Inside, it was far from the Sodom and Gommorah or Pansy Foo-Foo Palace of mass-media portrayals. It was, kinda, well, kinda, normal.
The main floor had a long bar and several tables along with a pool table and entrance to the outdoor pool area (closed now, of course, being the dead of winter). We checked our coats (for a fee), after paying a cover charge and proceeded to the bar to buy drinks. Luckily, Michael or I were not "re-carded" at the bars that night and were able to order freely (though not cheaply). One of my first impressions of a gay bar was that it was expensive! As we were just there as pals, no one was buying me drinks (yet...but that soon changed) and I had to shell out my own hard-earned HoJo's money.
Before we went upstairs to the main dance floor, I noticed a smaller bar off to the left of the stairway and asked the guys what was in there. They said "You don't want to go in there..." and smiled. Well, of course I went in.
It was like stepping into a whole other club. It was much smaller and darker than the main club and once my eyes adjusted to the darkness, I could see why. The leathermen club known as "The Falcons" gathered here...and here they definitely were. Furry, handlebar-mustachioed, burly men in black leather chaps, studded torso harnesses and biker caps were strewn about the place, some making out, others doing a bit more (frotage), but most sucking back beers outta the bottle and suddenly, and intently, staring at me as if I were a juicy hot dog about to be devoured. I wasn't afraid, but I sure didn't want to encourage them either so I did a slow cruise past the bar, looked out the window (as if that's what I had wanted to do all along) and non-chalantly, albeit, blushingly went back to my friends now upstairs. Whew, that was close! ;)
The sound system was amazing along with the colored rotating spotlights, the strobes and, very new then, lasers and smoke machines. It was fantastic. As they do still to this day, gay bars invest much more in the drama of their dance clubs and expertise of their DJ's then "straight" clubs, anytime! IMHO, anyway.
Several guys were pretty hot. This club generally catered to a more affluent clientele. But the age range was a bit older than, as I later would learn, the downtown Providence or Boston clubs. The college in this area, Bryant was a conservative business school and though I'm sure there were a few students from there, it was mainly either local residents like us or guys from the city who wanted a more relaxed country atmosphere.
Some of the guys I met that night I would later bump into, sometimes literally, again and again at the various clubs in the area.
There was the heavy set somewhat fey guy who reminded me of a young Harvey Firestein who kept wanting to talk my ear off about how gorgeous I was.

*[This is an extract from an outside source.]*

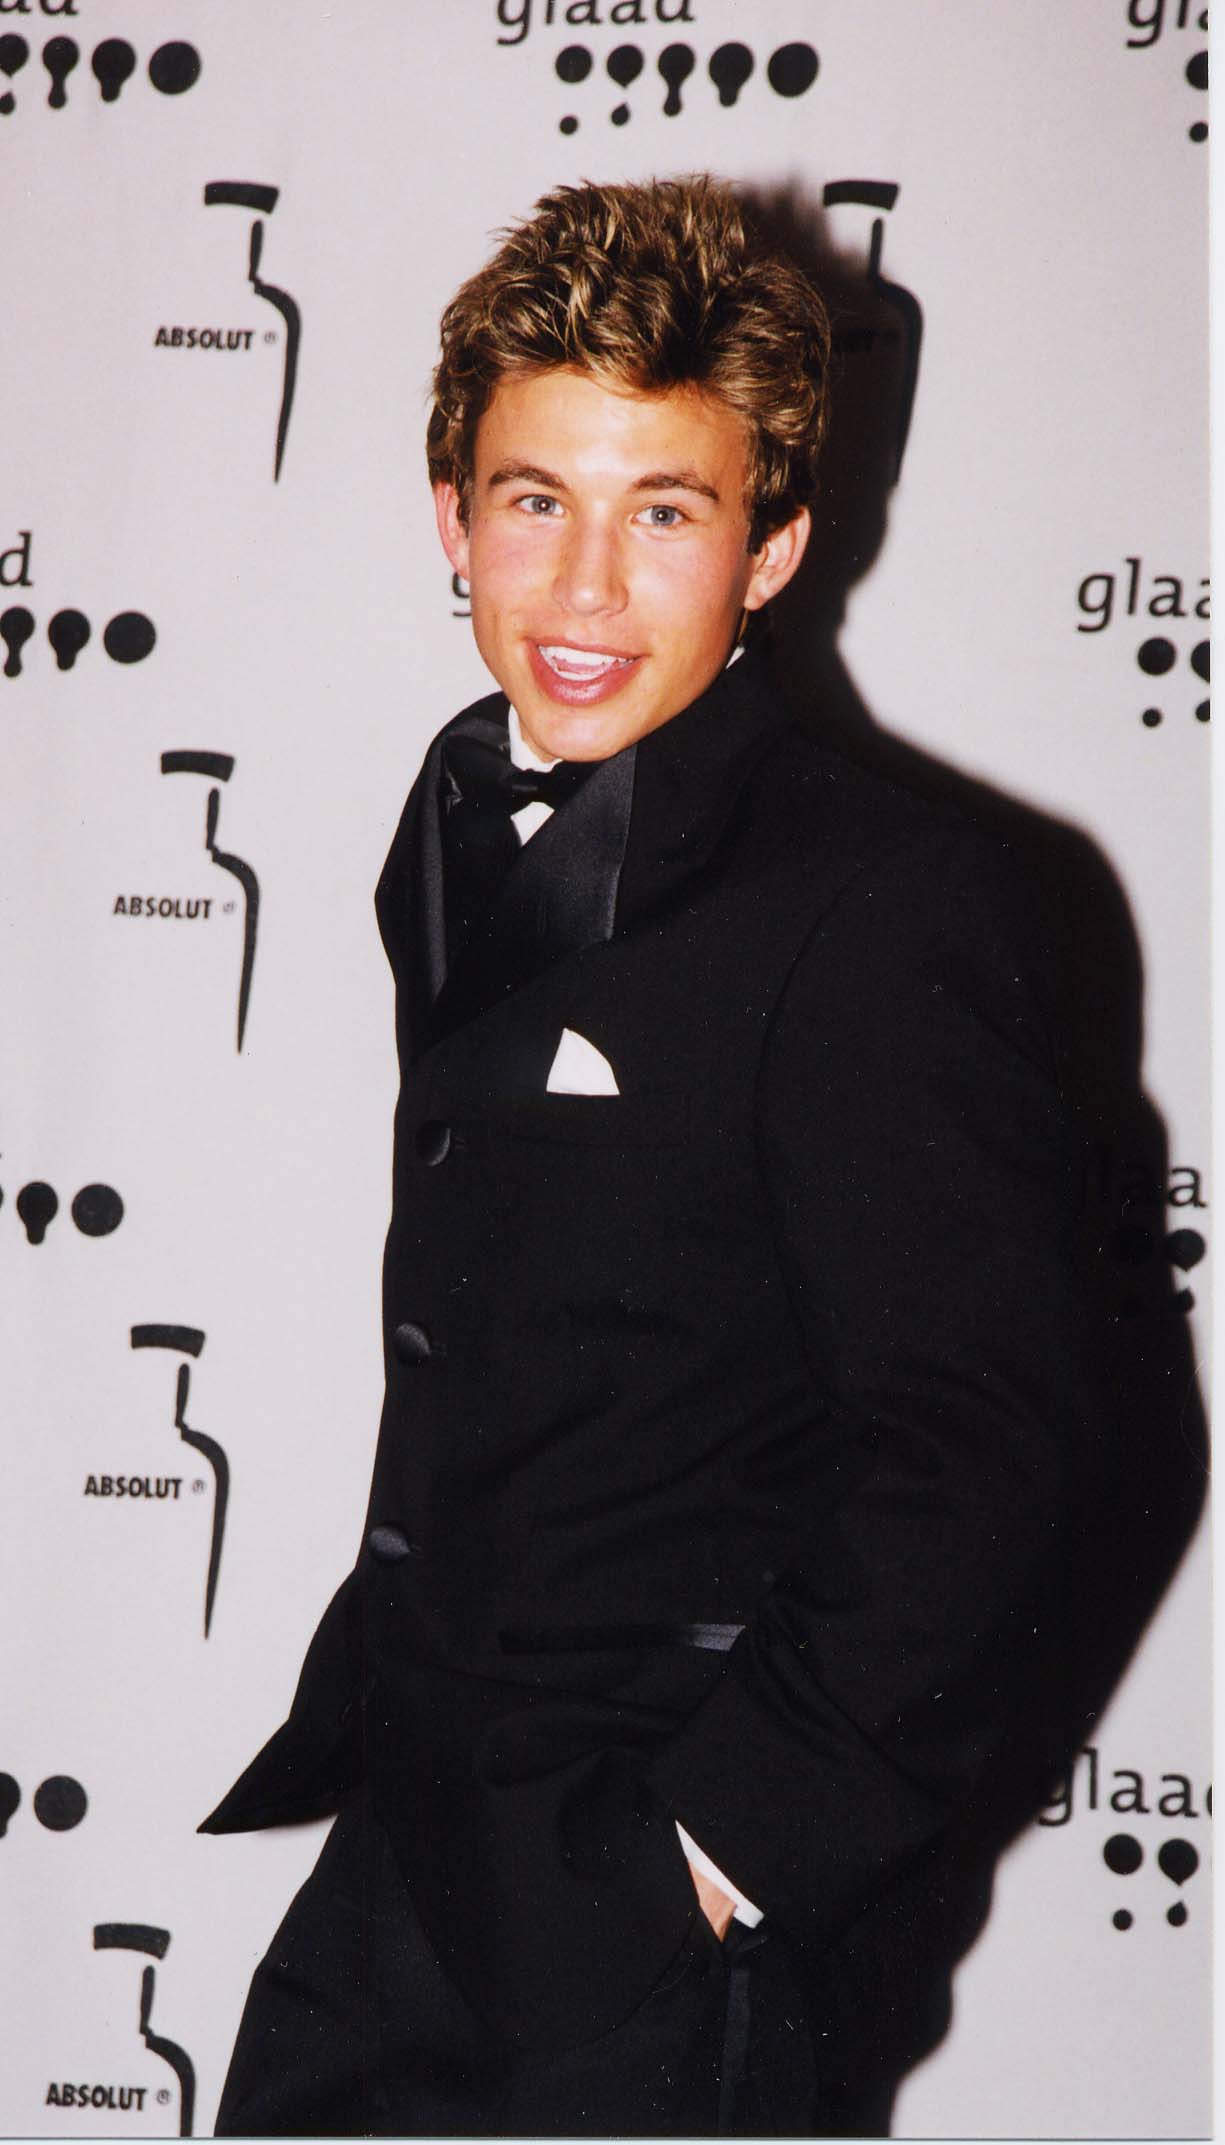 Jonathan Taylor Thomas durante los Premios GLAAD Media el 15 de abril de 2000 en Los Ángeles, California | Foto: Getty Images
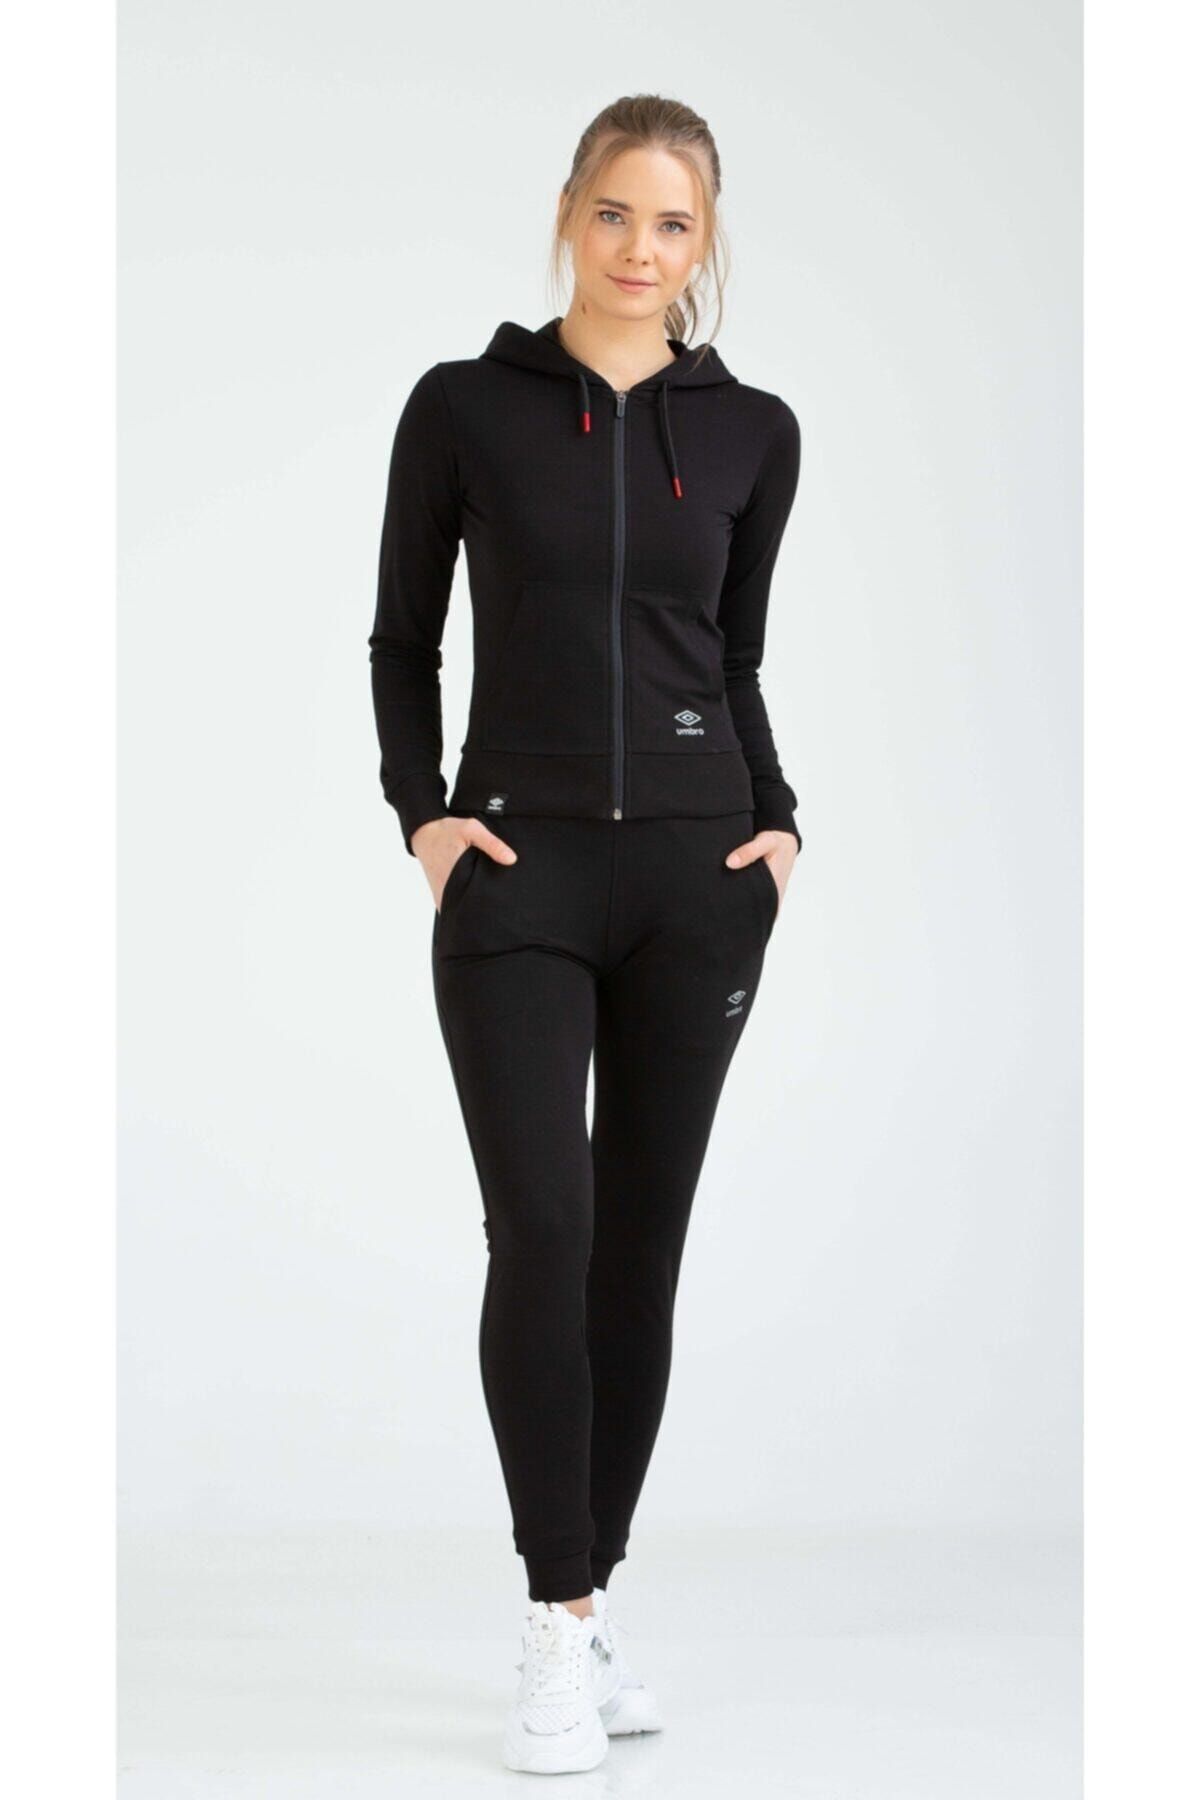 Umbro Kadın Eşofman Takımı Slimfit Va-0013 Rox Track Suit

There was the cute blond college-aged guy who couldn't believe I was old enough to be there and kept pressing me to admit to him how old I was as he nuzzled up to me and we sucked face. When I finally told him, rather than get scared, he seemed titilated by it but to my chagrin once his friends found out, they cautioned him to avoid me. I was, unfortunately, literally jail bait.
There was the older guy in the black satin "John Travolta" shirt (which by then was falling greatly out of style) and multiple gold chains around his neck, draping over his slightly hairy chest. He was the most free with his money and bought me many of my drinks-of-choice (Jack Daniels and soda...oh yeah, it was all about getting fucked up as quickly as possible!) During one dance he started pressing his thigh to mine and...my, oh my! He was hard as a rock and hung like a freaking horse! Must have been a good 11 or 12 inches! His looks were plain and not my type, his style was definitely not up to my standards, but oh, my mind wondered...I refused anymore advances from him though as it was getting late and I didn't want to get in over my head.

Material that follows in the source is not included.